The Archaeological Survey: Imagine surveying an ancient city. You have old maps (documentation), but you don’t know if they’re accurate. So you use three techniques:

  1. Aerial photography (traffic analysis) - See which roads actually have footprints
  2. Ground radar (code scanning) - Detect buried foundations of buildings
  3. Physical excavation (infrastructure) - Dig up what’s actually there

You discover streets not on the maps, buildings the maps claim exist but don’t, and ruins nobody knew about. API Discovery does the same for your infrastructure.

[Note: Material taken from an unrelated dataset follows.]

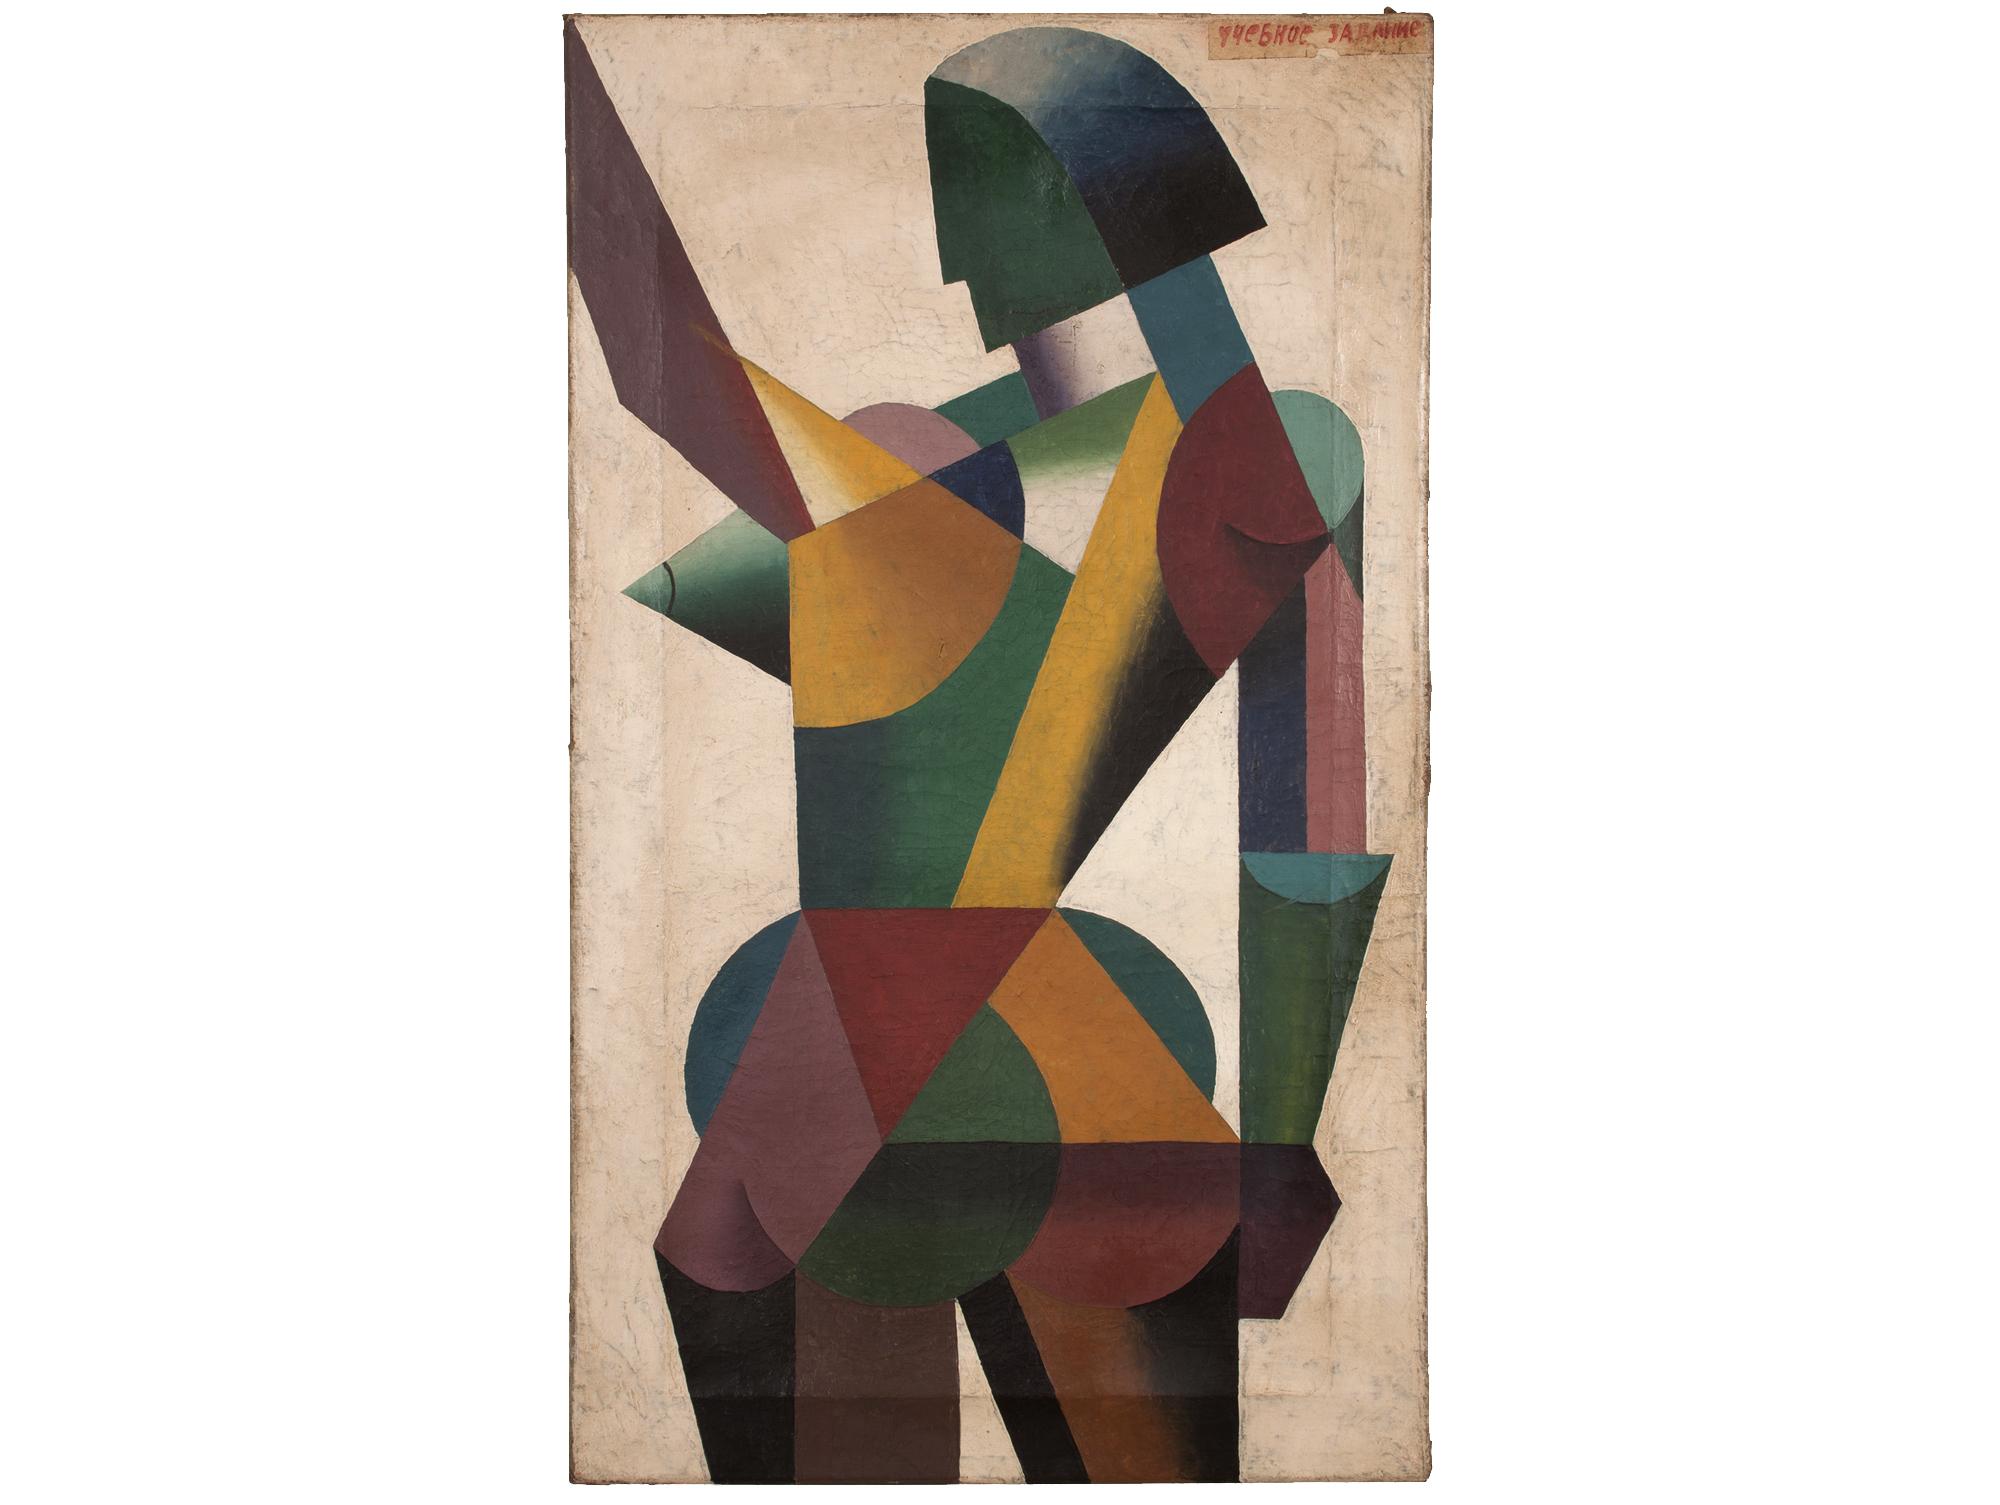 Unattributed. Unsigned. In the style of Lyubov Popova.    Oil on Canvas. 63 x 38 cm.

The Census: Governments don’t trust self-reported population data—they conduct actual censuses, going door-to-door counting residents. API Discovery is the census for your infrastructure, actively counting what exists rather than trusting documentation.

Code Example

1. Traffic Analysis Approach:


# Analyze API Gateway logs to find all accessed endpoints
cat api-gateway.log | grep "HTTP/1.1" | awk '{print $7}' | sort -u > actual-endpoints.txt

# Compare with documented APIs
comm -23 actual-endpoints.txt documented-endpoints.txt > shadow-apis.txt

# Result: 47 endpoints in shadow-apis.txt not in documentation

2. Code Scanning Approach:


# Find all Express route definitions in codebase
grep -r "app\.get\|app\.post\|app\.put\|app\.delete" --include="*.js" . \
  | grep -oP '["'\'']\/api\/[^"'\'']+' \
  | sort -u > code-endpoints.txt

# Find FastAPI route decorators
grep -r "@app\.\(get\|post\|put\|delete\)" --include="*.py" . \
  | grep -oP '["'\'']\/api\/[^"'\'']+' \
  | sort -u >> code-endpoints.txt

# Compare with documented endpoints
comm -23 code-endpoints.txt documented-endpoints.txt > undocumented-in-code.txt

3. Infrastructure Scanning Approach:


# Scan Kubernetes services for exposed ports
kubectl get services -A -o json \
  | jq -r '.items[] | select(.spec.type=="LoadBalancer" or .spec.type=="NodePort")
  | "\(.metadata.name):\(.spec.ports[].port)"' > k8s-exposed.txt

# Scan AWS Lambda functions
aws lambda list-functions \
  | jq -r '.Functions[] | select(.Environment.Variables.API_ENDPOINT)
  | .FunctionName' > lambda-apis.txt

# Scan Google Cloud Run services
gcloud run services list --format="value(name,url)" > cloudrun-apis.txt

Diagram

graph TB
    A[API Discovery] --> B[Traffic Analysis]
    A --> C[Code Scanning]
    A --> D[Infrastructure Scanning]

    B --> B1[API Gateway Logs]
    B --> B2[Load Balancer Logs]
    B --> B3[WAF Logs]

    C --> C1[Git Repositories]
    C --> C2[Source Code]
    C --> C3[IaC Templates]

    D --> D1[Kubernetes]
    D --> D2[Lambda/Cloud Functions]
    D --> D3[Cloud Services]

    B1 --> E[Consolidated Inventory]
    B2 --> E
    B3 --> E
    C1 --> E
    C2 --> E
    C3 --> E
    D1 --> E
    D2 --> E
    D3 --> E

    E --> F[Compare with Documentation]
    F --> G[Find Shadow APIs]
    F --> H[Find Zombie APIs]
    F --> I[Find Orphaned APIs]

    style A fill:#bbdefb
    style E fill:#c8e6c9
    style F fill:#fff9c4
    style G fill:#ffcdd2
    style H fill:#ffcdd2
    style I fill:#ffcdd2

Security Notes

SECURITY NOTES

CRITICAL - API Discovery is the foundation of API security. You cannot secure what you don’t know exists.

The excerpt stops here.